The letter called for a new recognition of colonialism. “The authors of this letter, calling ourselves Unsettling Klamath River, are an open community collective of settlers, many us former Black Bear residents, living on the Klamath and Salmon Rivers working to understand and respond to the ‘elephant in the room’: the continued occupation of Karuk, Hoopa, Yurok, Konomihu, Shasta, and Shasta New River Homelands,” it reads. “While we understand that the values of settler society are the problem and not necessarily settler people themselves, we recognize that we have a responsibility to face our position as beneficiaries of settler colonialism (even though we have not intended to benefit in this way). We have been meeting for two years now, starting our efforts with identifying how colonization happened and continues to happen in our communities, re-imagining and taking steps towards material change of colonial structures.”

According to the letter, indigenous peoples told the former ranchers that the commune had “brought good people to the area, who often do amazing work and are real friends. However, Black Bears often get sick of the commune and either have family money, grow weed, or both; and end up buying up more land.”


5. Thomas & Cummins Were Kicked Out of the Commune, Reports Say

elizabeth thomas, tad cummins

Tad Cummins and Elizabeth Thomas at an Oklahoma Wal-Mart. (TBI)

Thomas and Cummins were apparently too much even for the commune, although more details of their time there have not been released. The Mercury News reports the pair “had spent at least two days at Black Bear but had been asked to leave for an unspecified reason.”

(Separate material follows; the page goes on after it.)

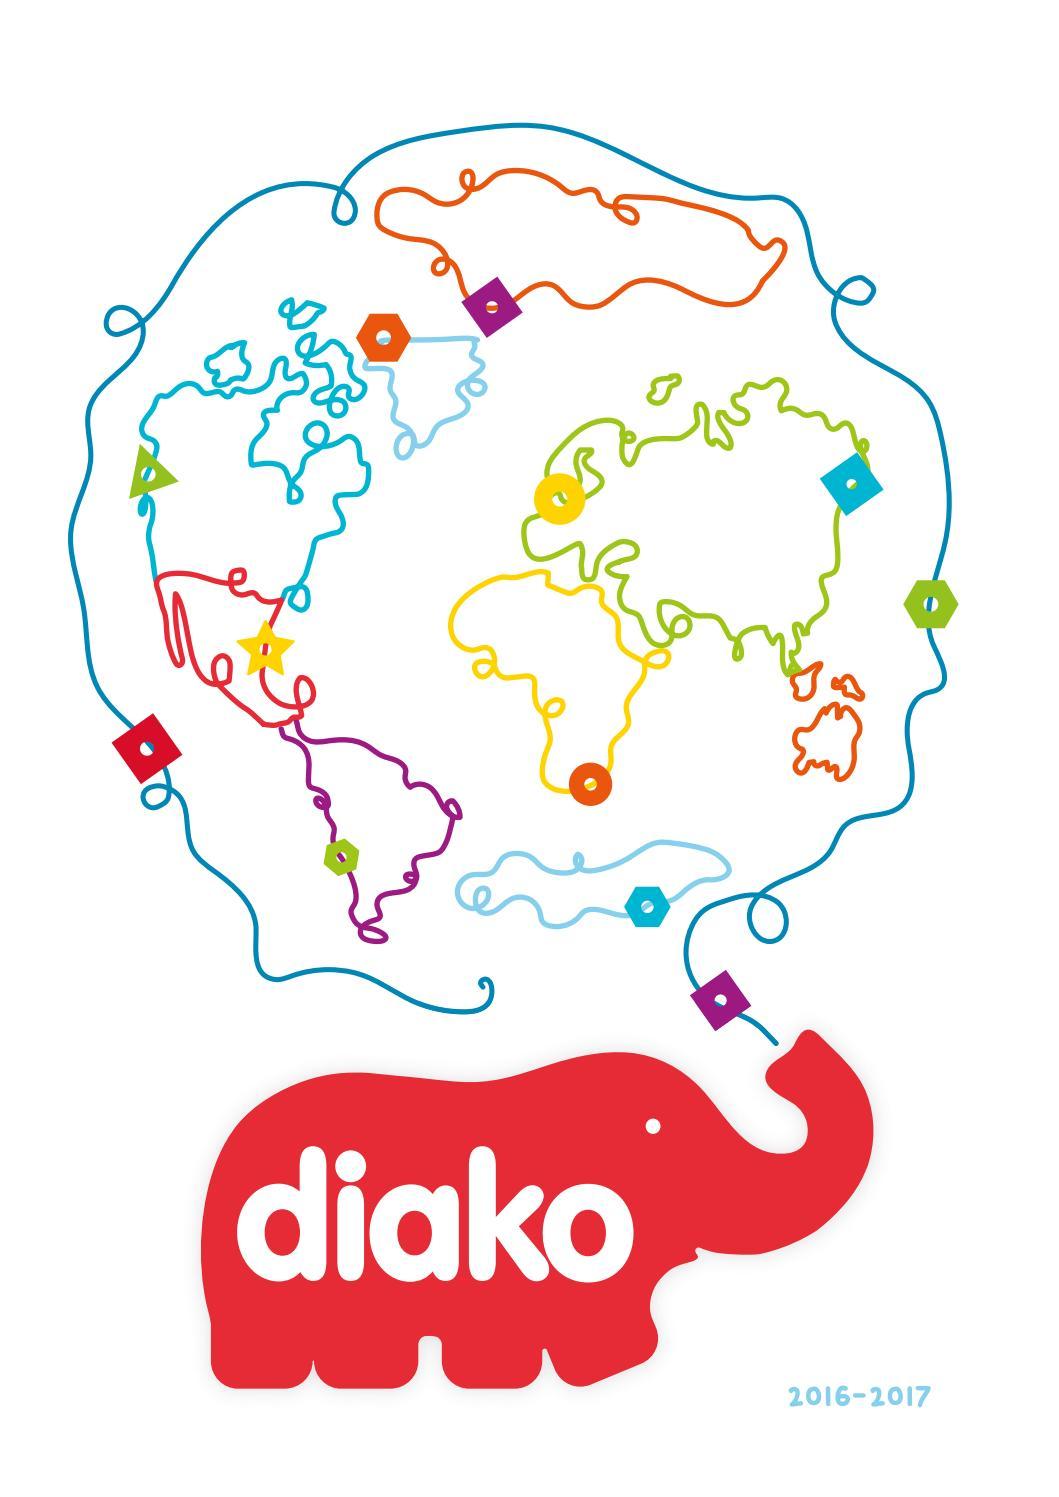 Catálogos Diako Abc 2016-2017 by Diako Abc - issuu
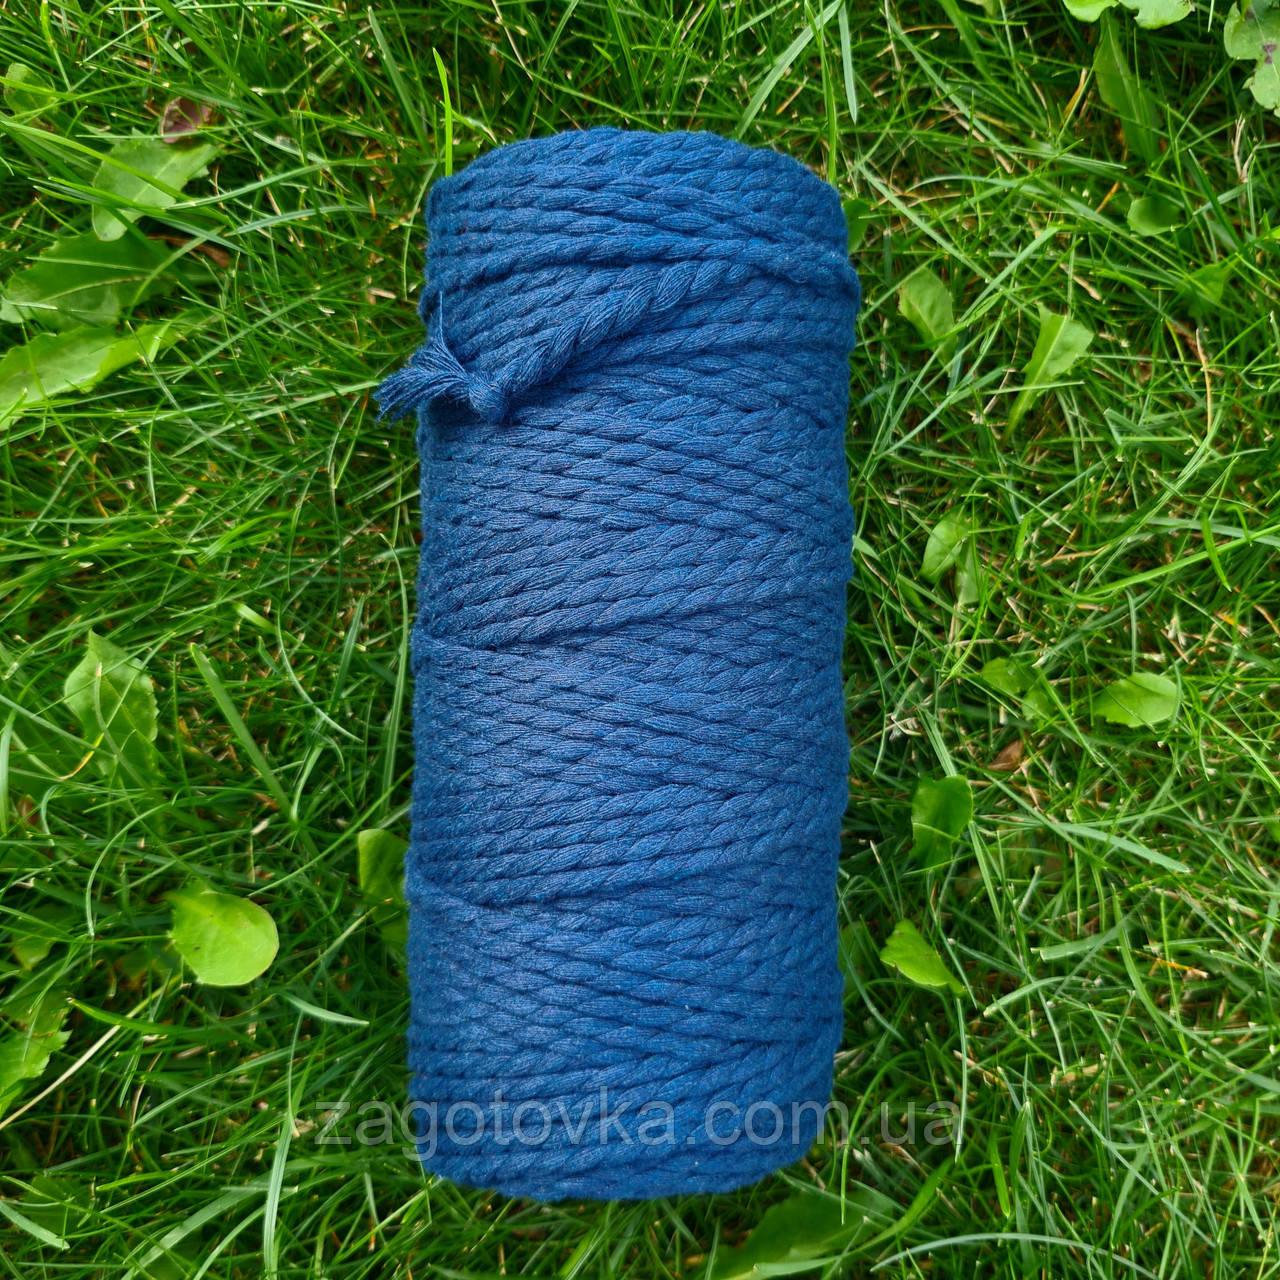 Эко шнур хлопковый крученный 4мм  №19 Лагуна

Authorities initially said they were found at the commune, but then clarified that they were located at a cabin in the area that is not affiliated with Black Bear Ranch. According to the Sacramento Bee, they were in “Siskiyou County, perhaps for more than a week, bureau spokesman Josh DeVine said. The remote, mountainous area has limited cellphone service and the terrain is difficult to traverse. Snow was still on the ground in some places.”

Cummins and Thomas were eventually located “near Cecilville, California, a onetime mining town about 100 miles from the Oregon border,” reports the Mercury News.

According to Redding.com, “officials say Cummins heard about Black Bear while with Thomas in Berkeley.”

A message on the commune’s website reads: “The Black Bear Ranch Web site is currently overwhelmed by traffic due to the recent news stories that had incorrectly reported that teacher Tad Cummins and the 15 year old girl he had run away with had been found at Black Bear ranch. The pair was actually found in Cecilville, California near a cabin where they had been staying that has no connection with Black Bear Ranch. The Sacramento Bee article that can be found here has accurate information about the apprehension and arrest. If you are interested in connecting with or visiting Black Bear, please check back later when things have quieted down. Thanks for your patience.”